The Dead Don’t Die

13/07/19

Jim Jarmusch’s mumblecore zombie movie, The Dead Don’t Die (or Dawn of the Deadpan, as I like to think of it) is typically understated, the somnolent residents of Centreville downplaying the impending apocalypse even as it overwhelms them.

Bill Murray is the small town’s chief cop, Cliff Robertson, cheerfully supported by officers Ronnie and Mindy (Adam Driver and Chloë Sevigny respectively). They’re an easy-going trio without much to tax them, apart from occasionally rebuking Hermit Bob (Tom Waits) for stealing Farmer Miller (Steve Buscemi)’s hens.

True, strange things are certainly afoot: fracking has caused the earth to tilt on its access, blurring the lines between day and night; phones don’t work and TVs stutter; pets are missing all over town. But no one pays these things much heed – they shake their heads and carry on, with no real concern for where it might all lead…

The metaphor is hardly subtle. We’re all sleepwalking towards our own destruction, tutting and frowning about climate change and the rise of the far right. Jarmusch’s version of middle America (and, by extension, most of the western world) is not far from reality.

The zombies here (including, marvellously, Iggy Pop) are never really frightening. They’re not too dissimilar from the townsfolk they want to eat: shuffling in pursuit of banal and transient aims. “Wifi!” they moan, “Sweets! Chardonnay! Coffee!” They want what we want, and they move among us – and we won’t know until too late just how dangerous they (we) are. Sure, they’re bloody and hungry and the images are visceral, but it’s all very low-key and unremarked upon. The townsfolk never think to band together, to coordinate a response against their own demise. (Like I said, it’s not subtle.)

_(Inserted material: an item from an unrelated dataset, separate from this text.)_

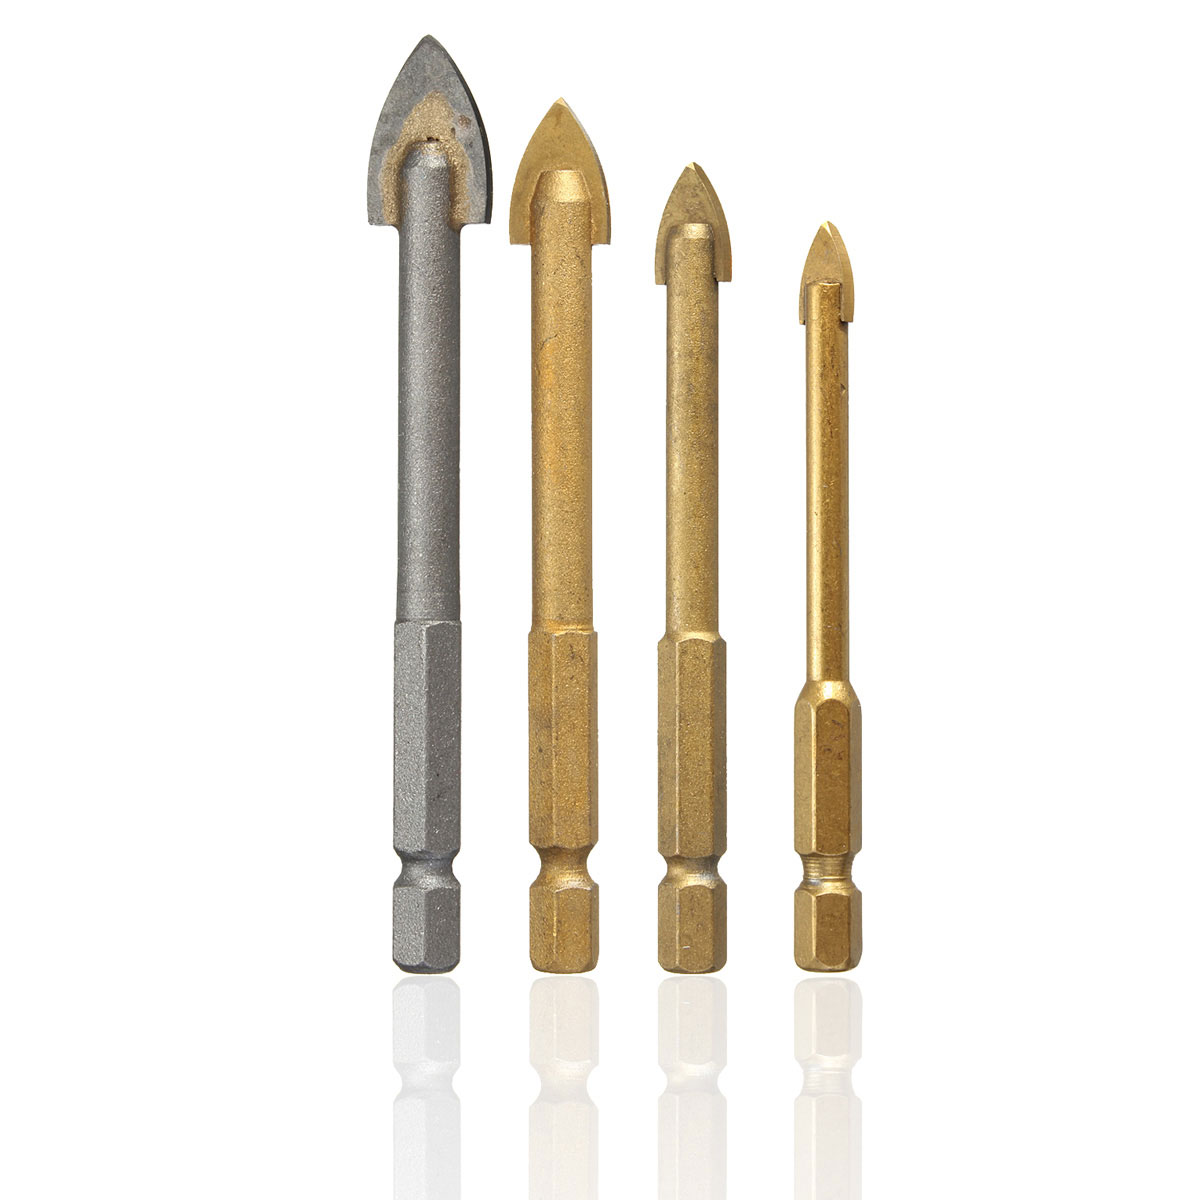 6-12mm-Carbide-Tile-Spear-Head-Drill-Bit-Glass-Drill-Hole-Tool-Tungsten-Carbide-Tipped-Bit-978952-2
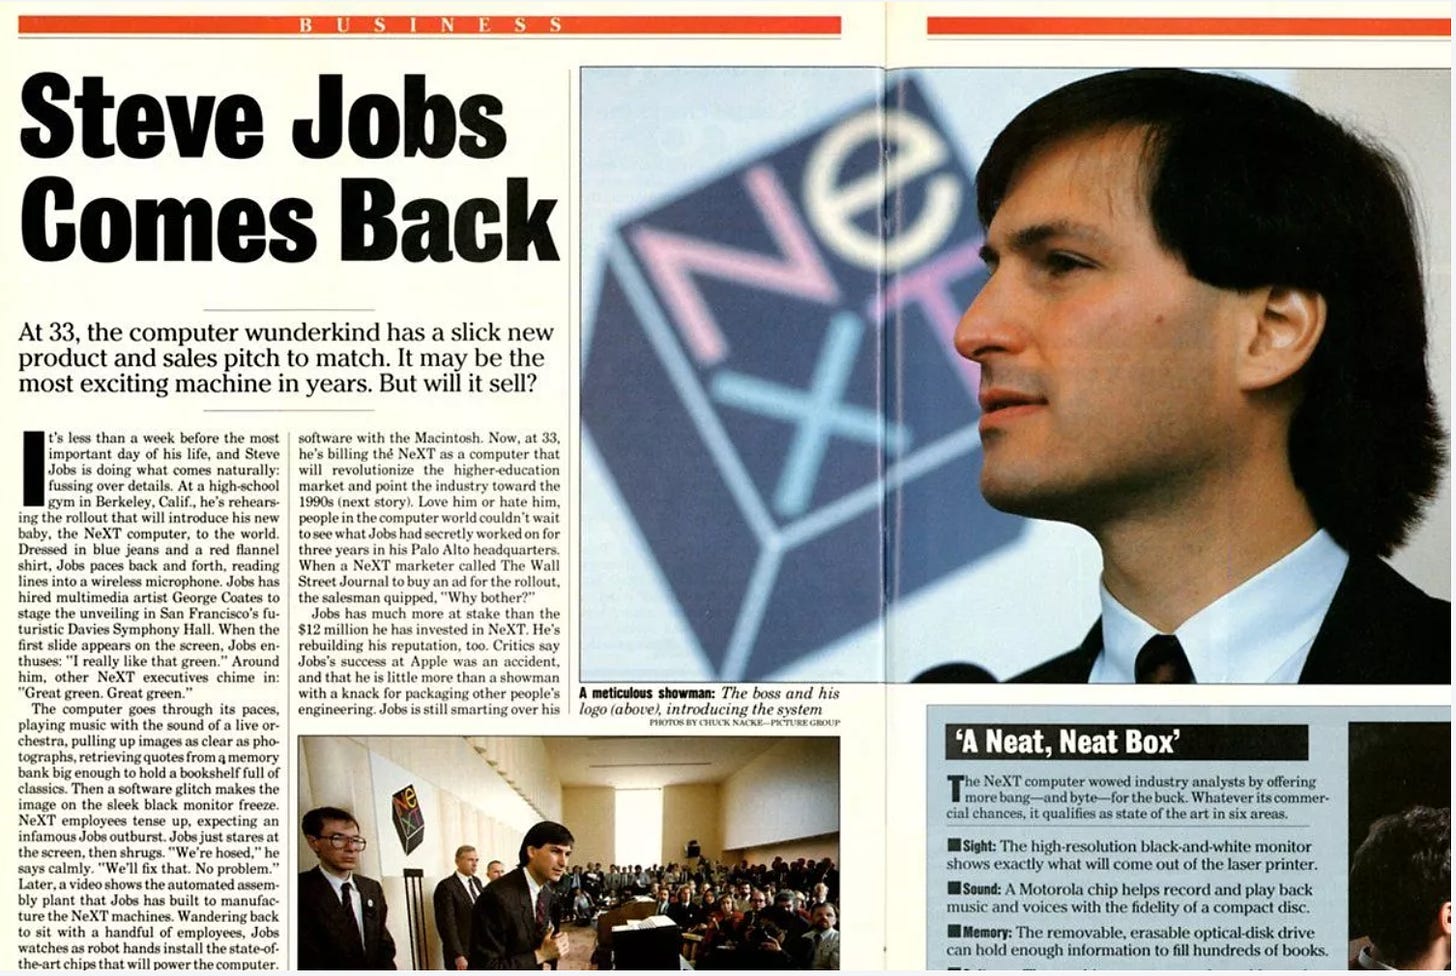 Newsweek magazine https://www.newsweek.com/steve-jobs-comes-back-207006

Having read several lacklustre reviews, I wasn’t expecting much from this. But I find myself really enjoying it – even the inconsistent post-modernism – largely because of its lugubrious tone. Sure, there are issues: Zelda Winston (Tilda Swinton)’s story arc certainly jumps the shark (although Swinton is the luminous enigma you’d expect her to be) and the strand concerning three sweet inmates at the local juvenile detention centre leaves them, well… stranded. But it’s beautifully acted throughout, and – I think – a great addition to the zombie pantheon.